Where was I? Right, loving others as we love ourselves. Engaging in self-growth allows us to put others on the same playing field. As we grow we see others differently. We open up ourselves to others. We learn to see others without cynicism or the baggage of our past. We aren’t swayed by the opinions of others as we once were. We seek out the truth because we are finding the truth within and around us.

Love others as we love ourselves. I can’t love someone if I don’t love myself. I can’t give love if I don’t know what love looks like, feels like, tastes like, sounds like. I can’t be healthy in my relationships if I don’t have a true view of myself as beloved by God.

Without these things, I, we, judge. And we do it well. We compare. We resent. We open up ourselves to bitterness and anger and cynicism and capriciousness.

I can’t be a prophet if I don’t have a foundation of love. The visions I receive, the whispers from the Holy Spirit about others, they could easily lead me to feeling superior. Better than the person the Holy Spirit is giving me words for. I definitely wouldn’t be driven to pray and speak with humility and compassion. Mercy would not have a place in my vocabulary.

Love is so very key. I’m not there yet. I’m a work in progress. Take my feelings toward my MIL. I resent her. I find it difficult to think kind or loving thoughts about her. I want to clench my jaw and tell her all the things God is showing me, not to edify or build her up, but to show her just how awful she has been and to shame her. Yeah, not very loving.
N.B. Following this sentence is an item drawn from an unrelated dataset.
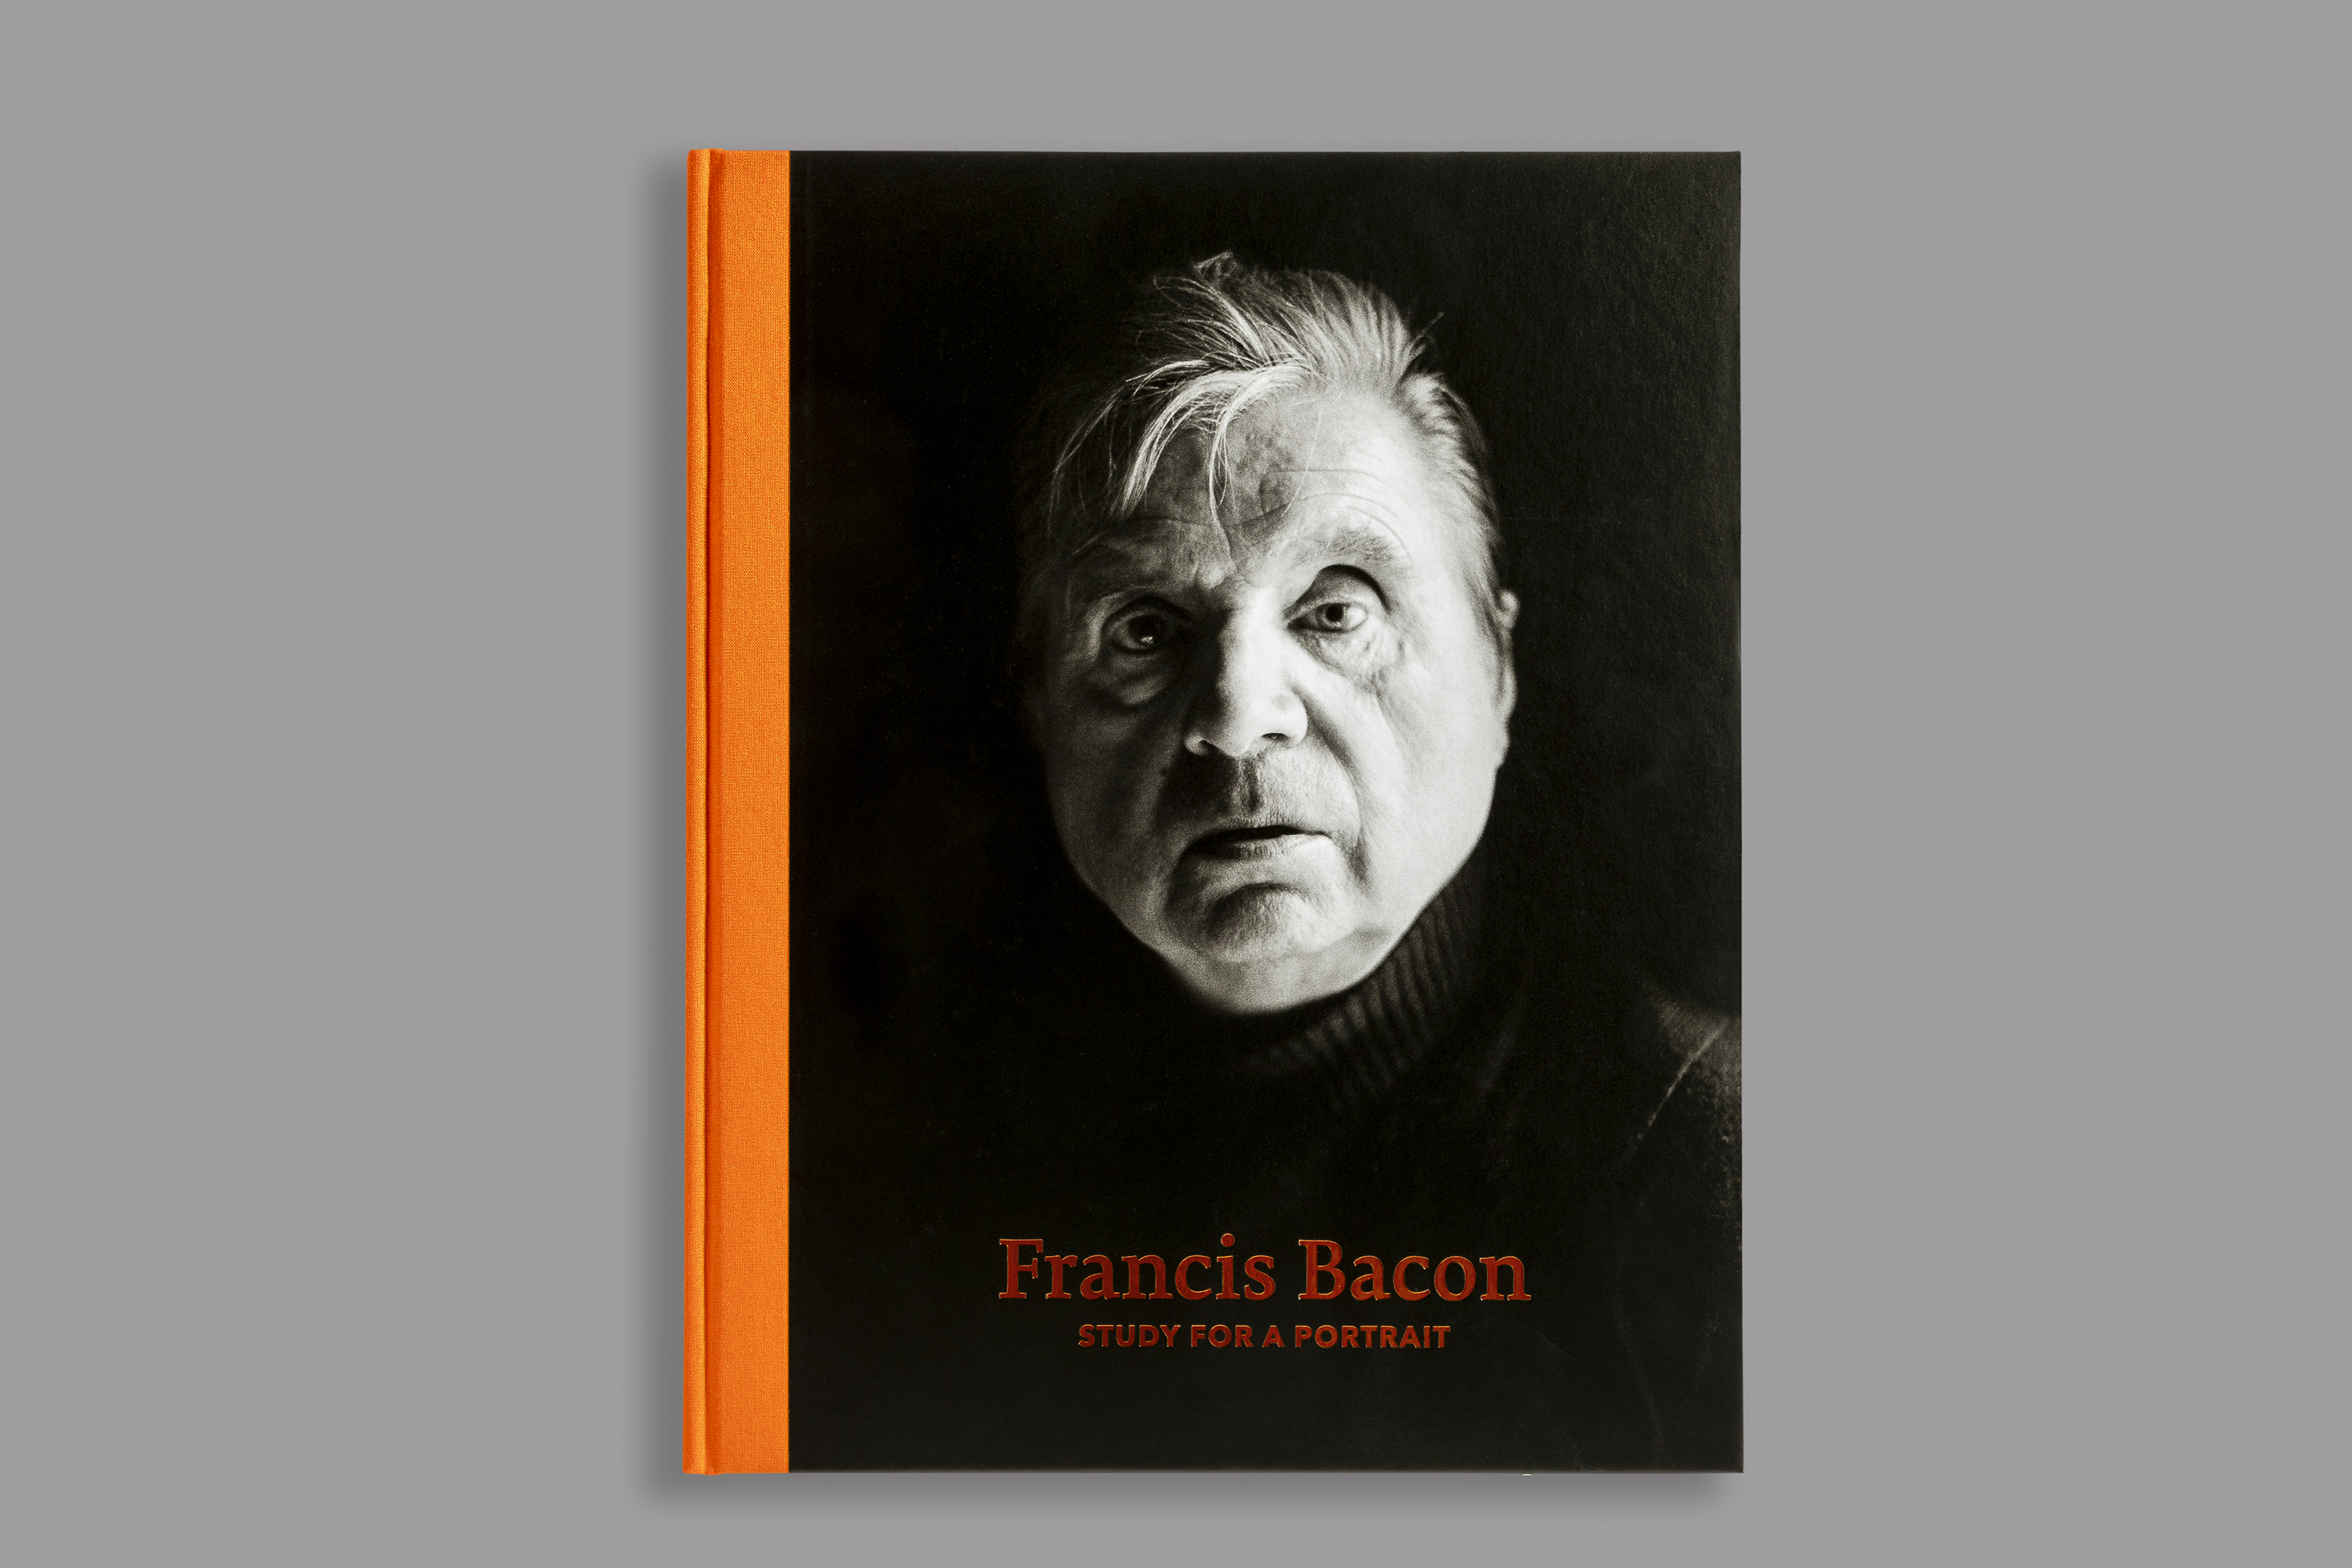 Francis Bacon: Study for a Portrait, 2019. © The Francis Bacon MB Art Foundation, Monaco, 2019. All rights reserved.

God is using my MIL to help me see some of these very difficult things about myself. Oh, he’s patient. So very patient. And he has a sense of humor. Amidst the pain associated with lancing the poisonous bile of judgement from my spirit, God shows me the funniest pictures of my MIL. Not to shame her, but to help me understand her motivations. They make me laugh, but they also drive the point clearly home. My MIL is a hurting woman with a mental illness. She is responsible for the consequences of her actions, but she is also worthy of grace. She is beloved by God. Cherished. We have that in common. We have my husband, her son, in common as well. I can start here, with the Holy Spirit showing me just how loved she is. And reminding me of how loved I am.

Love is a battlefield. Not because love itself is war, but because there are so many things out there that want to kill or warp the perfect love of God.